Everything is in confusion, Sherlock and Mycroft issuing conflicting orders and snapping at each other. John drops to his knees and crawls over to Mary. Her eyes are open, unseeing, and he deliberately doesn’t look at the mess pooling from the back and side of her skull. He touches her face and feels the tears prickling hotly at the back of his eyes. Touches her rounded belly and isn’t aware that he’s saying her name. _You could have lived. We could have shared our daughter. Raised her in turns. No one had to die._ But it’s too late. 

He’s in a daze. Dimly aware that Sherlock is beside him in the ambulance, holding his hand but wisely, for once in his life, saying nothing whatsoever.

***

The next six hours are a dim blur, the edges of reality so sharply painful that John can’t help but shrink away. Sherlock is the one constant, never leaving him, even for a minute. There is no whirling away to talk to people, demand questions of the doctors, hurry anything along. Some part of him is always touching John – a hand, an arm, the warmth of his side. There is a lot of sitting and waiting in a terrible, terrible silence that Sherlock doesn’t break. A doctor appears at one point and says, “They’re operating now.” Sherlock says something in acknowledgement, but John can’t. His tongue has turned to stone, his body numb. Sherlock’s hand on his knee is the only thing anchoring him to the earth at all. He can hear from the tone of voice that the prognosis isn’t good. Not even particularly hopeful. 

He’s right, but that doesn’t lessen the shock when the same doctor returns later, wringing his hands and trying to find the least heartbreaking words to tell them that the child was stillborn. He hears the words wash over him like ice, vaguely aware that Sherlock’s arms are around him. He hears them saying things about making arrangements but he can’t speak. “I’m taking him home,” Sherlock says decisively, and that’s good. That’s all he wants. To go home. 

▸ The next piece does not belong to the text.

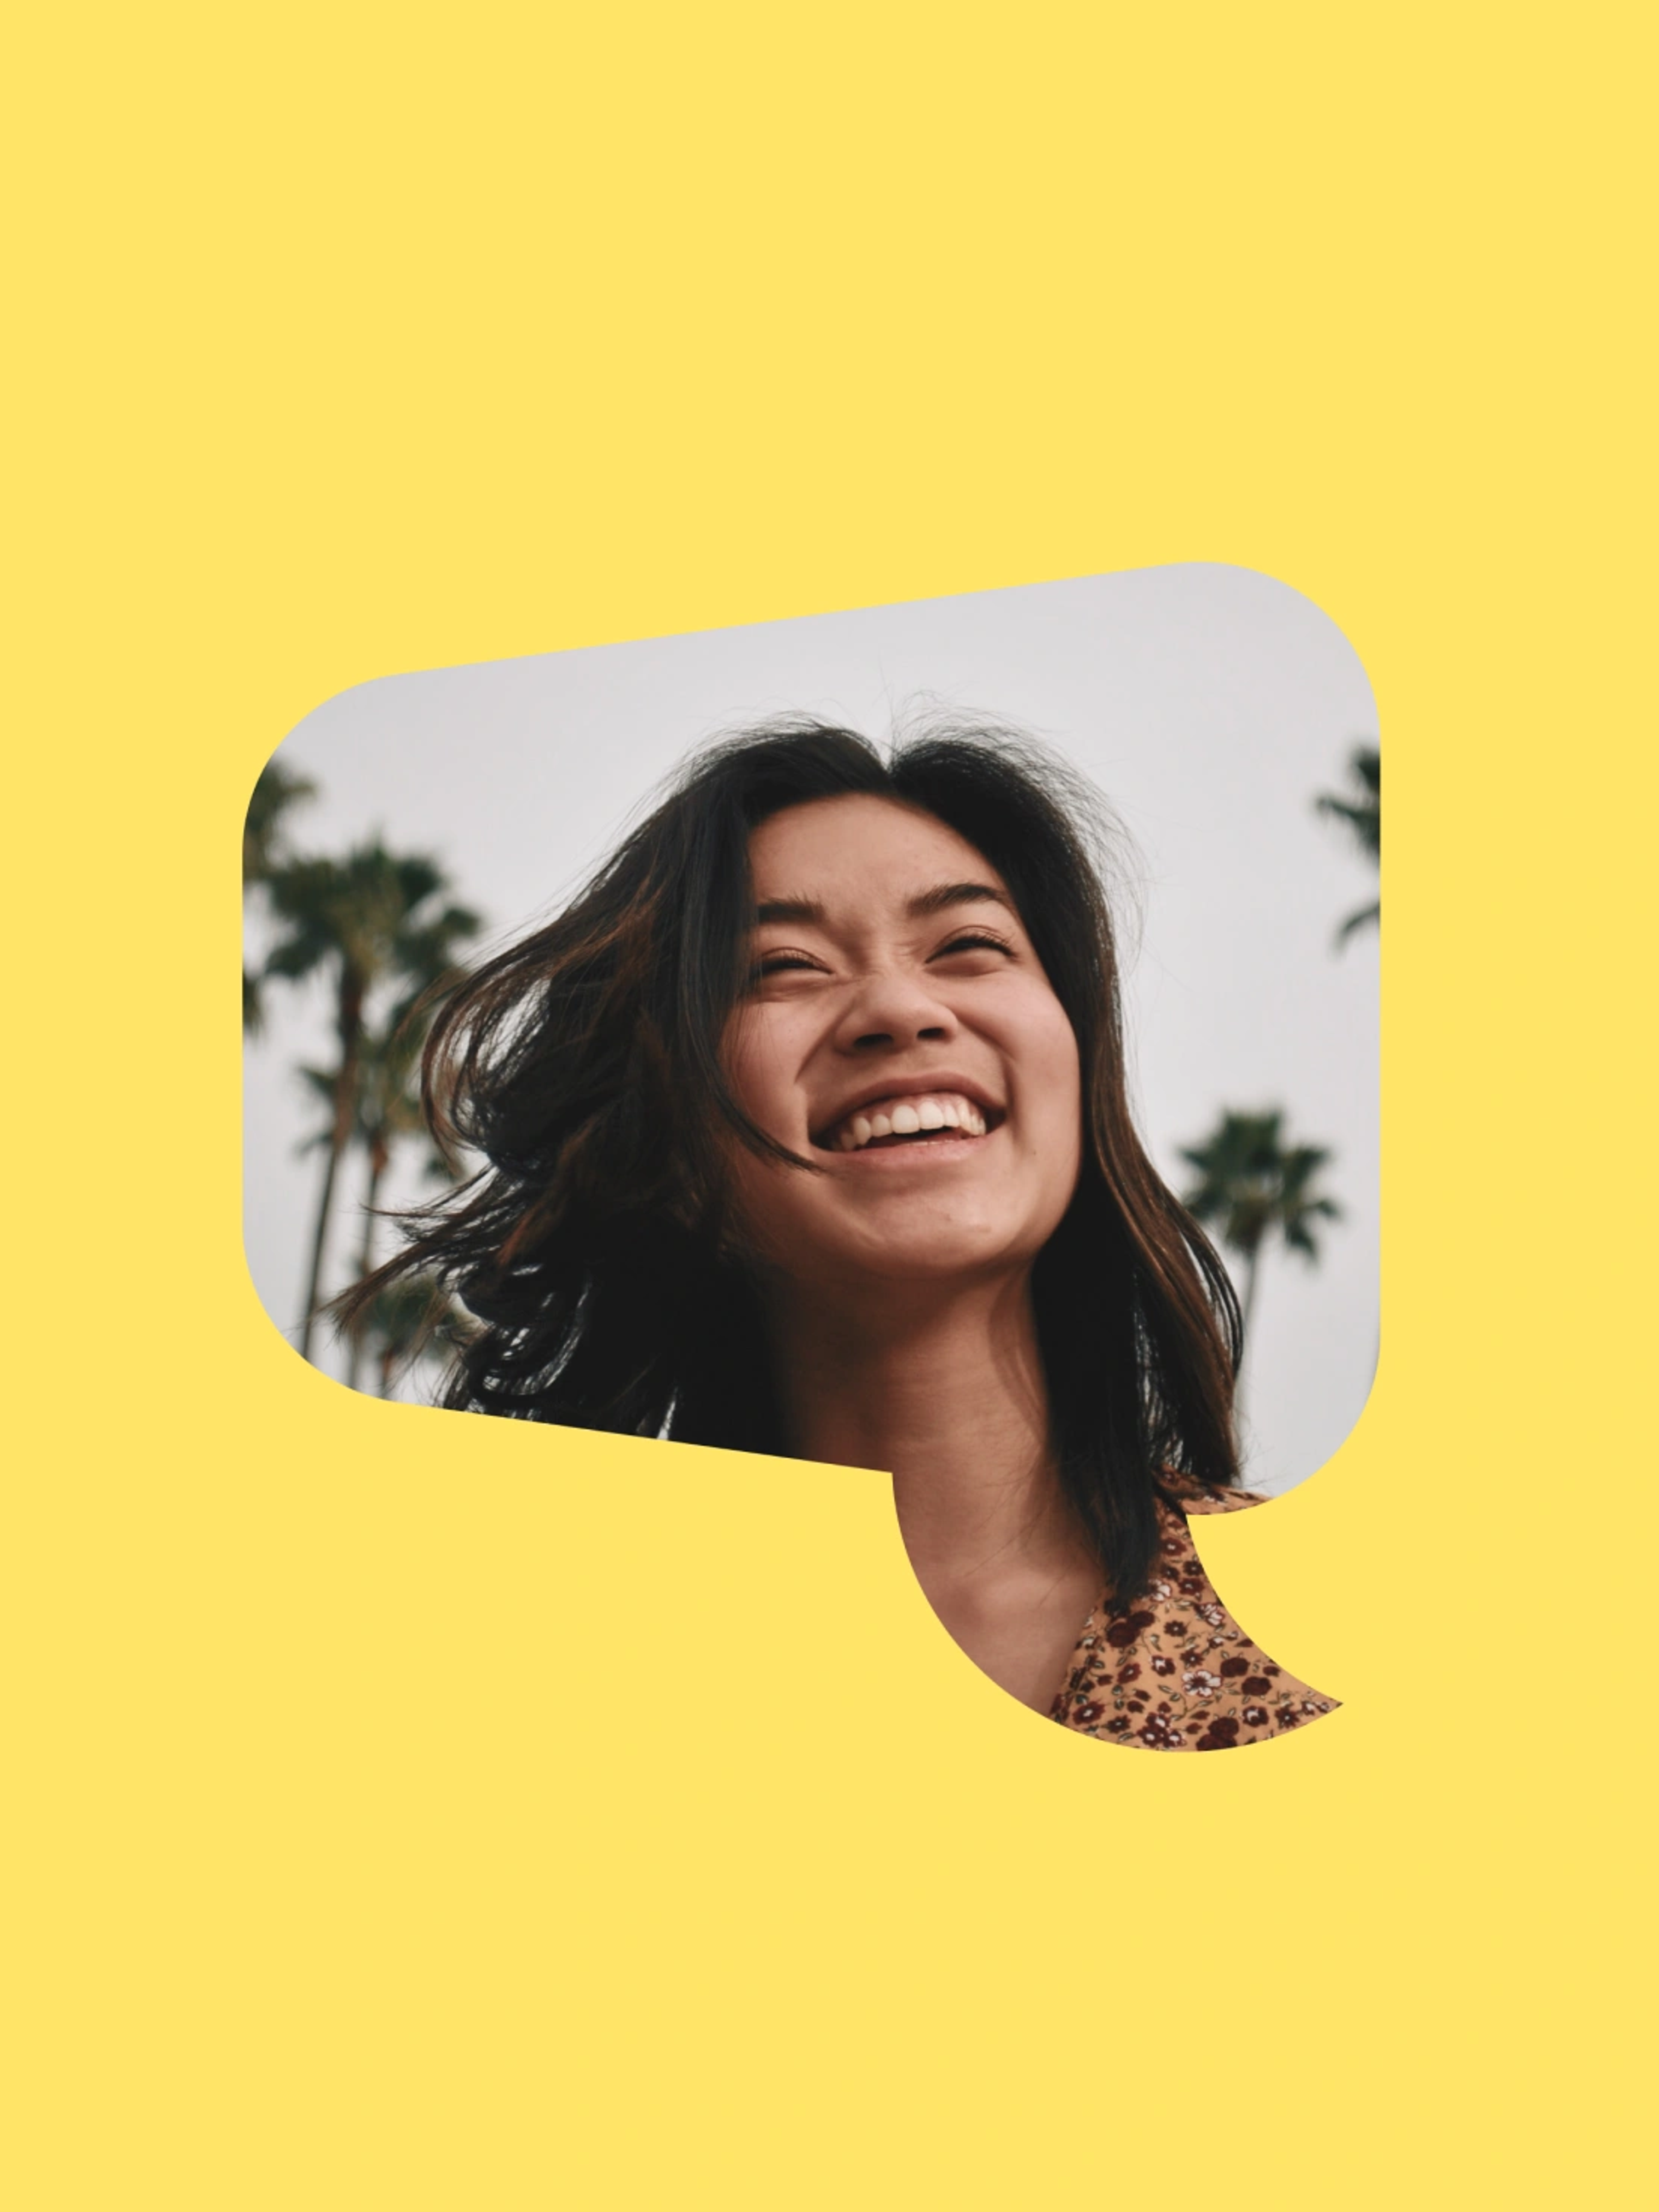 YakChat photo of woman smiling in speech bubble

The silence doesn’t go away in the taxi. Sherlock is sitting very close beside him, holding his hand, not saying anything, not looking at him, but John can feel him observing with every inch of his fierce observational skills regardless. Even he can work that out, even now. They’re at Baker Street, which John supposes he knew was their destination all along. He isn’t aware that he’s stopped at the bottom of the stairs, just looking up, when Sherlock says his name, urges him to go on up. Mrs Hudson’s voice shrills against his ears, distressed, but Sherlock says something sharp, probably much too sharp, but it works; she retreats back into 221A and leaves him alone. Inside the sitting room, Sherlock takes off his coat, then comes over and gently tugs John’s jacket off, hangs it up. “Are you hungry?” he asks. “I thought probably not, but it’s been hours since you’ve eaten…”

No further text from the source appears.